IPSec VPN with Cisco RV180. Aggressive mode not compatible?


#1

Howdy,

We are trying to use the Max Br1 with our Cisco Rv180s to create an IPSec tunnel back for management. We have a static on our hosted site but not one with our Max Br1. This is fine as aggressive mode allows this configuration. However when setting up the devices I am using User-FQDN for our remote identifier and the Cisco will not allow the ‘@’ character.

EG: Max Br1

Local identifier: Type U-FQDN: cisco@peplink
Remote identifier: peplink@cisco

Cisco Rv180s

Local identifier: Type U-FQDN: cisco@peplink - "Rejects @ symbol"
Remote identifier: peplink@cisco

Is there a way around this config rejection? It seems that this is the only way with aggressive mode for access using a single side static. Has anyone set up a Max Br1 with a Cisco Rv180s in aggressive mode succesfully?

EDIT: Link to error on cisco http://i.imgur.com/XPfsWRh.jpg


#2

Do note the RV180 is part of the LINKSYS line and they do not have the same IOS as other Cisco devices.


#3

On the same note, connecting this rv180s to a FusionHub in a star configuration, is that possible as well?


#4

Hi,

Based on the article here, U-FQDN is supported by Cisco RV180 router. You may need to confirm with Cisco.

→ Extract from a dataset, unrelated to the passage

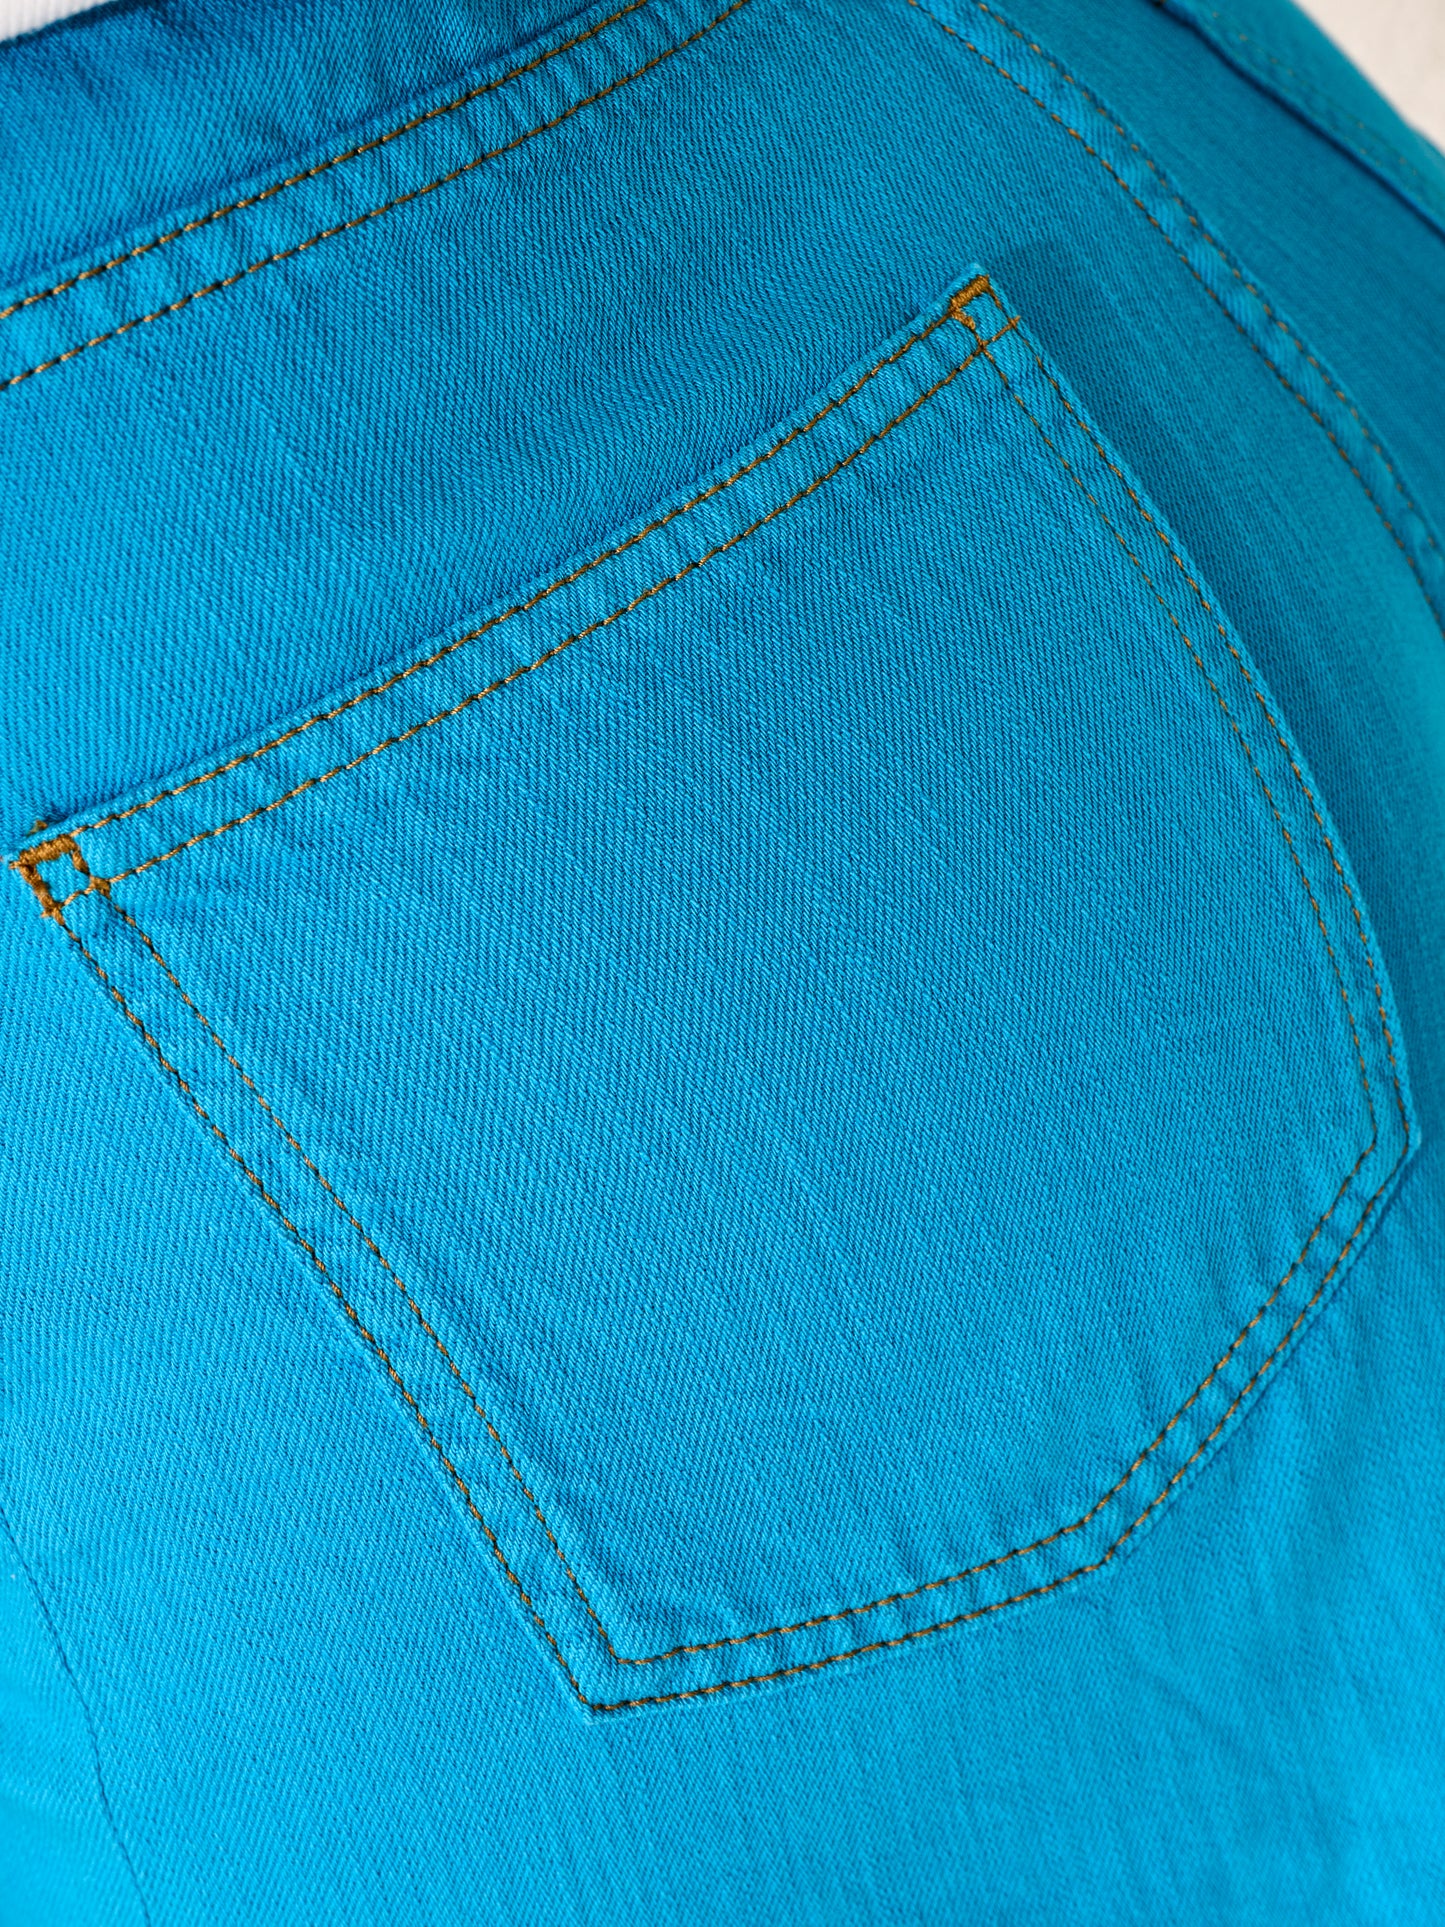 Bellerose - Party Shorts: Turquoise

Alternatively, you may try to put IP address as U-FQDN. We do support this. I noticed Cisco RV180 router also supported this based on the article above.

Thank you.


#5

U-FQDN does not work with these two devices evidently. The Peplink wants an @ character between devices which the RV180 rejects.

FusionHUB IPSEC settings
EG Local FQDN: peplink@cisco
Remote FQDN: cisco@peplink

Cisco RV180: peplink@cisco - ERR "you may not use an @ sign"



I’ve tried working around this with using a " . " in place of the @ on the peplink, which the cisco accepts, but the peplink only takes @.


#6

Hi,

Please refer to the URL below:

http://sbkb.cisco.com/CiscoSB/GetArticle.aspx?docid=74d10d8ca7344c8fa1e4030d9d01668e_IKE_Policy_Settings_on_RV180_and_RV180W_VPN_Routers.xml&

Base on the above article, ‘@’ should be accept for RV180 (You may need to further verify with product principle)

Alternatively, please try to put IP address for the “Local ID” & “Remote ID” fields.

Beside that, possible to share us the firmware version running for the MAX BR1 ?

Thank You


#7

I actually ended up replacing the Rv180 with a Balance 20 and used PepVPN for everything. Much easier!


#8

Thanks for the update and good to hear! As always, should you have future questions/inquiries don’t hesitate to reach out.